Хотя, думает про себя Савин, в жизнь вошло сейчас так много нового, удивительного, небывалого, что не мудрено не заметить, как и в самом деле что-то исчезнет, уйдет.

Потом они сидят в планетарии. Меркнет освещение, белый купол озаряется вздрагивающими созвездиями. Лектор начинает рассказывать о человеке и космосе.

Это самые волнующие и глубокие минуты воскресенья! Оба Савина, старший и младший, слушают упоенно, сосредоточенно. Только один раз мальчик коснется ладонью его руки, когда лектор упомянет о Сатурне.

— Кольца сегодня покажешь?

Сатурн — их любимая планета.

Когда они выходят на Садовое кольцо, день клонится к закату, пустынная воскресная Москва золотисто освещена. Они не спеша идут к Казанскому вокзалу — двое мужчин, видевших сегодня много, как и подобает мужчинам.

Теперь я хочу рассказать, как познакомился с моим героем. От собрата по перу, журналиста, помешанного на чудаках, я услышал, что слесарь-механик одной из экспериментальных машиностроительных лабораторий Сергей Кузьмич Савин стал под сорок лет астрономом-любителем: он построил отличный девятидюймовый телескоп-рефлектор с зеркалом и набором окуляров, увеличивающими до 460 раз, и хочет теперь открыть у себя в Люберцах народную обсерваторию. Тот, кто мне это рассказывал, видел телескоп Савина на выставке работ астрономо-геодезического общества в Центральном дворце пионеров.

Я поехал в Центральный дворец пионеров. Выставки уже не было, но телескоп Савина все еще стоял в пионерском планетарии. Показывал мне его мальчик лет пятнадцати с тем едва уловимым утомленно-ироническим выражением лица, которое можно увидеть только у самых юных астрономов. Но к савинскому телескопу он отнесся достаточно почтительно.

— Серьезная машина для любителя, — охарактеризовал он его добродушно и солидно.

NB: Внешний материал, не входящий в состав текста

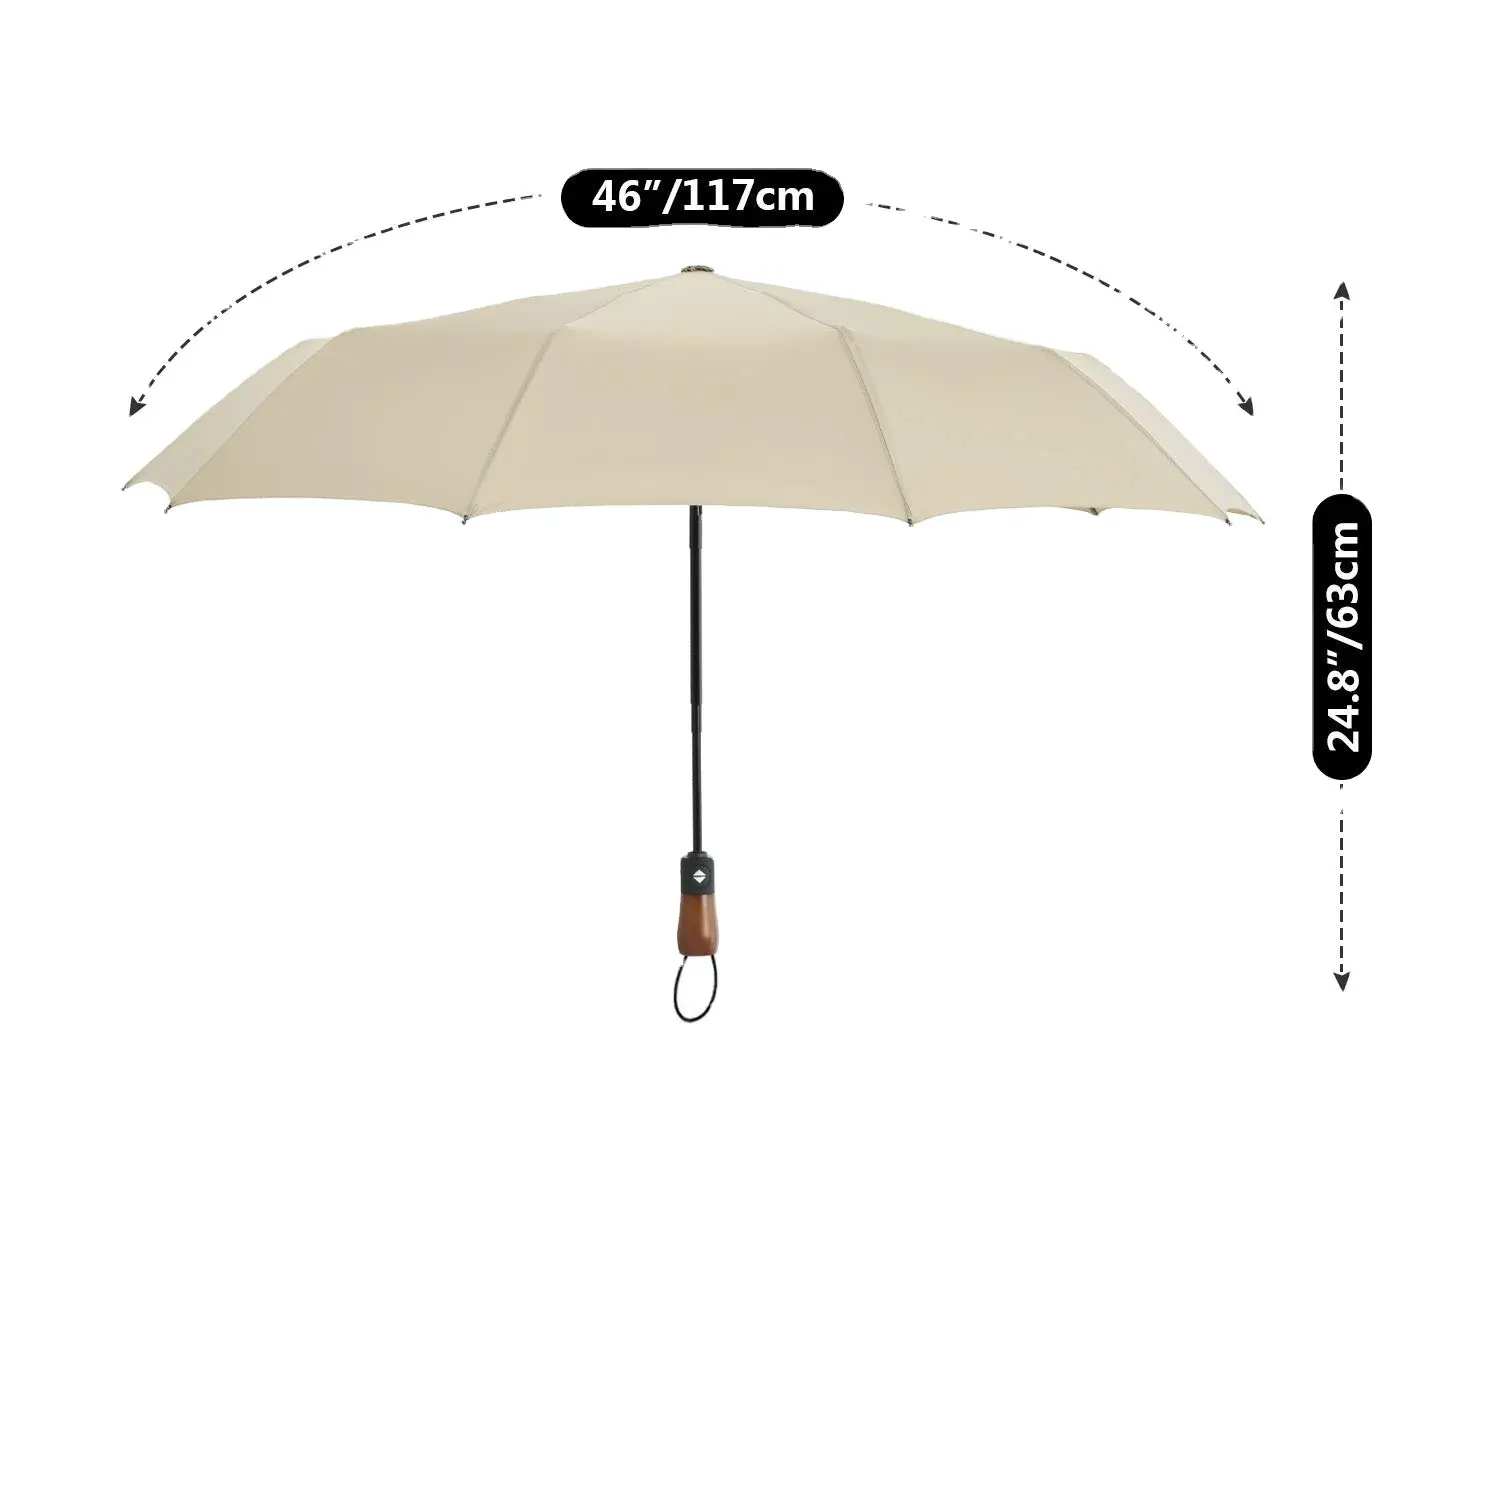 All'ingrosso personalizzato Mini ombrello manuale capsula protezione Uv signora piccolo ombrello pieghevole sole e pioggia

Телескоп Савина — я имею в виду его внешний облик — не оставлял впечатления любительства. В его тяжелых и в то же время лаконично-изящных очертаниях, в тщательной, но без щегольства отделке чувствовалась большая культура.

Я думал, помню, не о том, что вот передо мной работа человека с редкостным хобби, или, как любят теперь говорить и писать, человека мира больших увлечений, — нет, я испытывал наслаждение оттого, что передо мной цельная и славная работа подлинного мастера. Ощущение мастерства, высокого ремесла — в лучшем понимании этого слова — и было единственным, когда я осматривал его телескоп.

Притом души телескопа — зеркала — я увидеть не мог: оно во избежание повреждений было тщательно упаковано. А шлифовка и полировка зеркала — работа, требующая великой точности (до стотысячных долей миллиметра!), — и составляют главный искус при постройке телескопа.

Наутро я позвонил Савину на работу. Он обещал быть у меня в редакции в четыре часа. И опоздал немного.

— Извините! — стал он торопливо объяснять, войдя в комнату. — Но уж больно район ваш хорош: красиво живете!

С удивлением я посмотрел в окно на раскаленное и пыльное в этот июньский день Садовое кольцо.

— Нет, я о вашем бульваре, — понял и уточнил он, — пух сейчас густо летит. Если направить умело объектив, чтобы солнце работало, как надо, можно получить замечательную фотографию снегопада при летних роскошных деревьях.

Выслушивая эту мотивировку опоздания (бульвар — летящий пух — фантастический снегопад), я думал о том, как у этого человека с его быстрой походкой, быстрыми жестами, быстрой улыбкой, быстрыми словами — даже папиросу он закурил поразительно быстро, как фокусник, — как у него хватает нечеловеческого терпения долгие часы шлифовать и полировать зеркала для телескопов?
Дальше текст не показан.